Aux termes de l’article 34 du Code criminel, une conduite qui constituerait autrement une infraction est justifiée aux yeux de la loi si cette conduite a pour objet de dissuader une personne de poser un geste qui représente une agression réelle ou une menace d’agression, raisonnablement appréhendée, et que la conduite est elle-même raisonnable. En ce qui concerne le caractère raisonnable de la conduite, il faut l’évaluer en fonction des facteurs pertinents, notamment en ce qui a trait à des considérations telles que la nature de la force ou de la menace, la mesure dans laquelle l’emploi de la force était imminent et l’existence d’autres moyens pour parer à son emploi éventuel, la question de savoir si les parties en cause ont utilisé ou menacé d’utiliser une arme ainsi que la nature et la proportionnalité de la réaction de la personne à l’emploi ou à la menace d’emploi de la force.
L’AI et les autres agents faisant partie de l’escouade contre les armes à feu et les gangs étaient en droit d’essayer de mettre le plaignant en état d’arrestation. Le plaignant avait été nommé dans un mandat de perquisition pour possession illégale présumée d’une arme à feu à autorisation restreinte.
Si les éléments de preuve confirment que le plaignant était en possession d’une arme à feu, il a aussi été indiqué dans un témoignage qu’il n’essayait pas de saisir cette arme au moment où il a été visé par un coup de feu. Cependant, ce témoignage est contesté par le récit de l’AI. En effet, selon l’AI, le plaignant avait saisi la poignée de l’arme, qui se trouvait dans sa ceinture, lorsqu’il a fait feu, craignant pour sa vie.
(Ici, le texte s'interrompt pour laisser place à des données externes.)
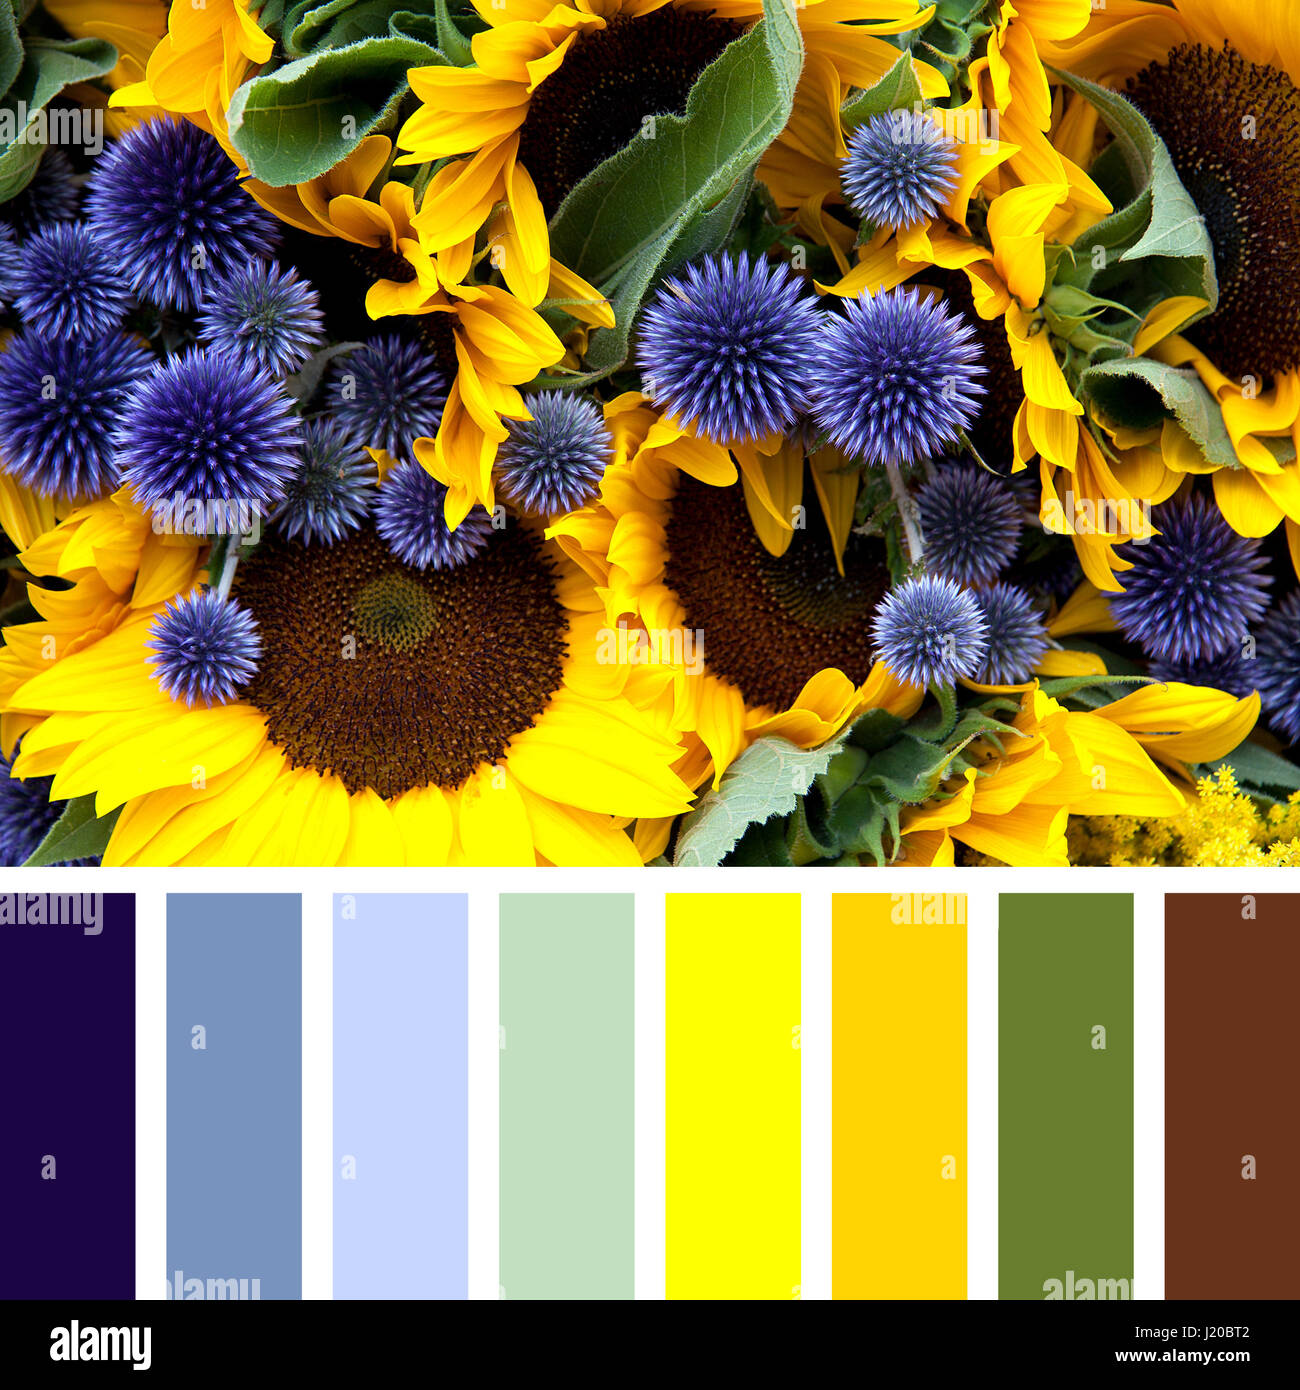 Closeup or sunflowers and allium flowers, in a colour palette with complimentary colour swatches. Stock Photo

Ce témoignage est appuyé par les récits de deux autres agents – ayant tous deux pris part à la manœuvre d’arrestation –, qui ont vu les mains du plaignant à la hauteur de sa ceinture à peu près au moment où le coup de feu a été tiré. Ainsi, je ne peux pas conclure, sur la base d’un jugement raisonnable, que l’AI ne croyait pas sincèrement qu’il était nécessaire de tirer un coup de feu en direction du plaignant pour se protéger et protéger les autres d’une agression raisonnablement appréhendée.
Donc, la force utilisée par l’AI était raisonnable dans les circonstances. Si l’AI croyait sincèrement que le plaignant s’était emparé d’une arme à feu tandis qu’il tentait d’échapper à la police, comme on peut l’établir, sur la base d’un jugement raisonnable, en fonction des éléments de preuve recueillis, l’utilisation d’une arme à feu est alors une mesure dont l’ampleur semble correspondre aux exigences de la situation. À ce moment-là, puisqu’il y avait un risque très réel que le plaignant utilise son arme contre les agents, rien d’autre qu’un coup de feu n’avait le pouvoir d’empêcher immédiatement le plaignant de poser un tel geste et de protéger l’AI et les autres personnes présentes contre de graves lésions corporelles ou la mort.
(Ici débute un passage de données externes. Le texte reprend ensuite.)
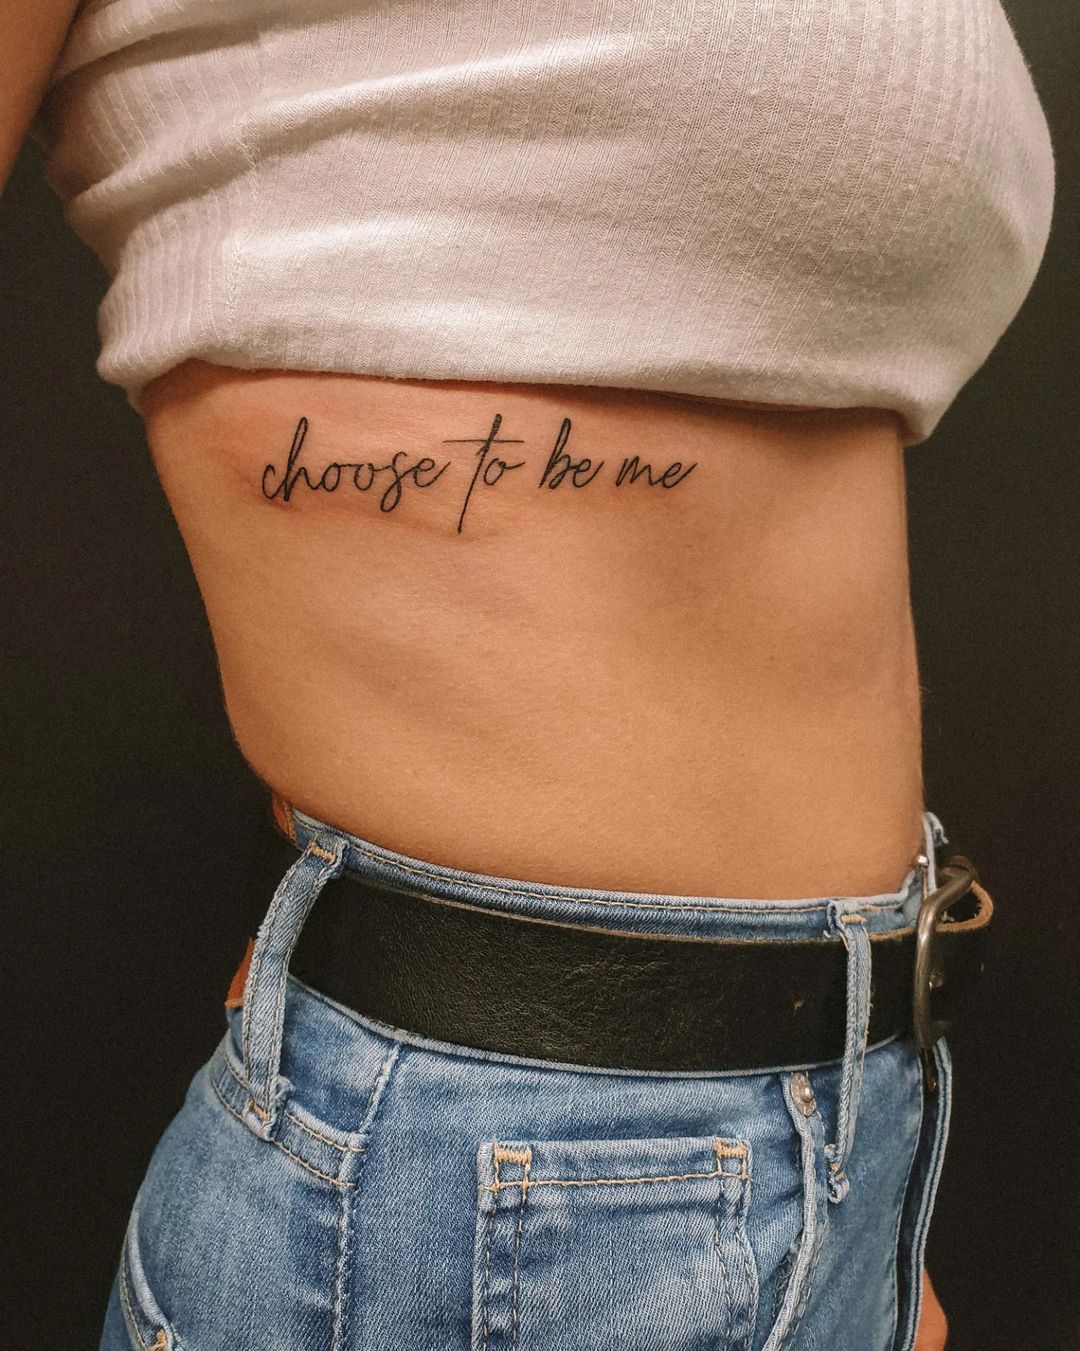 “Choose to be me” Tattoo on Side for Women

Pour les raisons qui précèdent, il n’y a aucun motif de déposer des accusations criminelles dans cette affaire. Le dossier est clos.
Date : 18 juillet 2025
Approuvé par voie électronique par
Joseph Martino
Directeur
Unité des enquêtes spéciales
Notes
- 1) Sauf en cas d’indication contraire, les renseignements contenus dans cette section correspondent à ceux reçus par l’UES au moment où elle a été notifiée et ne correspondent pas nécessairement aux conclusions de l’UES à l’issue de son enquête. [Retour au texte]
- 2) Les enregistrements en question contiennent des renseignements personnels de nature délicate et ne sont donc pas divulgués, aux termes du paragraphe 34(2) de la Loi de 2019 sur l’Unité des enquêtes spéciales. Les parties importantes de ces enregistrements sont résumées ci-dessous. [Retour au texte]
Note:
La version originale anglaise signée du rapport fait autorité. En cas de divergence entre cette version et les versions anglaise ou française en ligne, la version originale anglaise signée du rapport l’emporte.